AI model performance is often measured using the metric tokens per second (TPS). This figure provides a standardized way to understand the speed of model inference across different hardware, models, and configurations.

Understanding Tokens

A token is a unit of text processed by the model. It may represent a word, part of a word, or even punctuation depending on the tokenizer used. For example:

  • “Hello” might be a single token.
  • “unbelievable” might be split into multiple tokens: “un”, “believ”, “able”.

Tokenization varies by model family, impacting token counts for the same input. This directly affects performance measurements since each token requires computation.

In language models, tokens are essential to how models operate. Models generate output one token at a time, predicting the most likely next token based on the previous context. The definition of a token depends on the tokenizer design, which may be based on byte-pair encoding (BPE), WordPiece, or similar algorithms that balance vocabulary size and sequence length.

For context:

  • A typical English word may average 1.3 to 2 tokens depending on complexity.
  • Punctuation and formatting, such as spaces or line breaks, are often separate tokens.
  • In code generation tasks, tokens may represent parts of keywords, operators, or symbols.
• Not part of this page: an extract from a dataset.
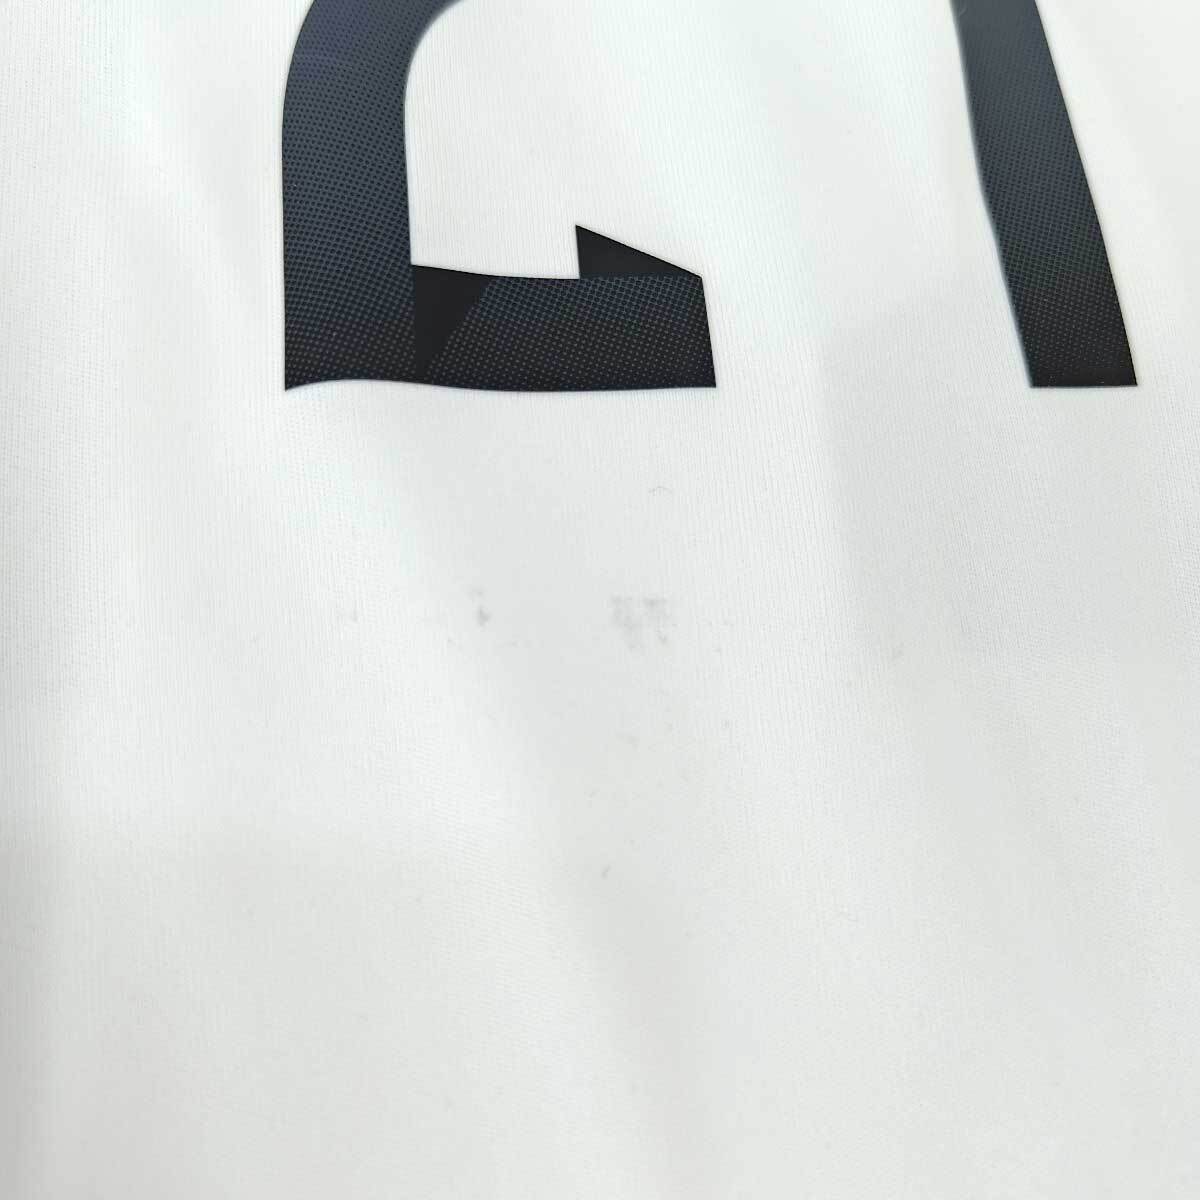 【中古】アディダス サッカー 2014 ブラジル大会 ドイツ代表 ホーム ユニフォーム #21 ロイス REUS S メンズ ADIDAS_画像7
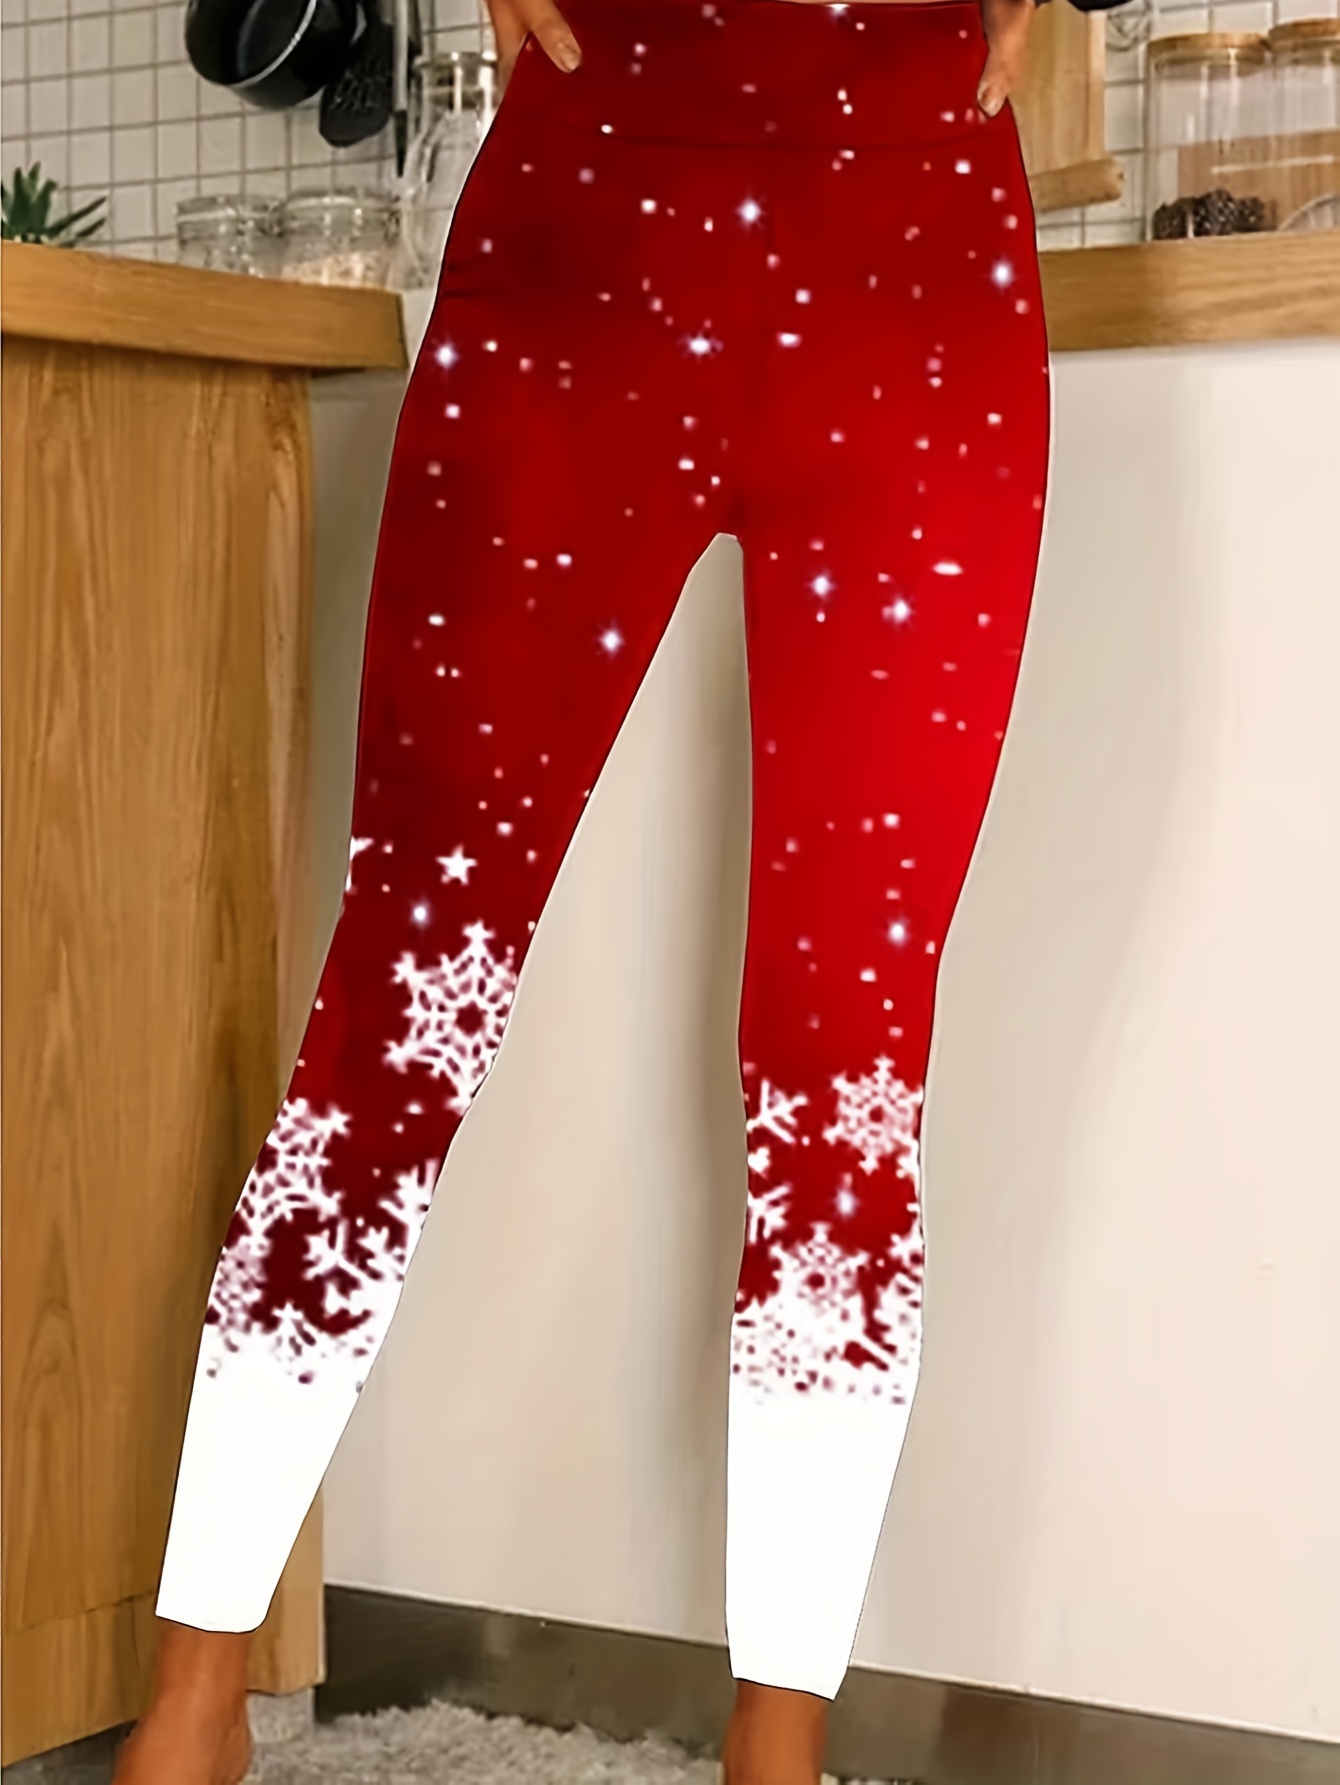 Jessica Christmas Leggings In Santa&Globes

Because token counts directly influence compute time, understanding how your dataset tokenizes is critical for estimating cost and performance.

Measuring Tokens per Second

Tokens per second is the number of tokens a model can process (input and/or output) per second during inference. It is influenced by several factors:

  • Model size (number of parameters)
  • Hardware (GPU vs. CPU)
  • Software optimizations (quantization, inference engines)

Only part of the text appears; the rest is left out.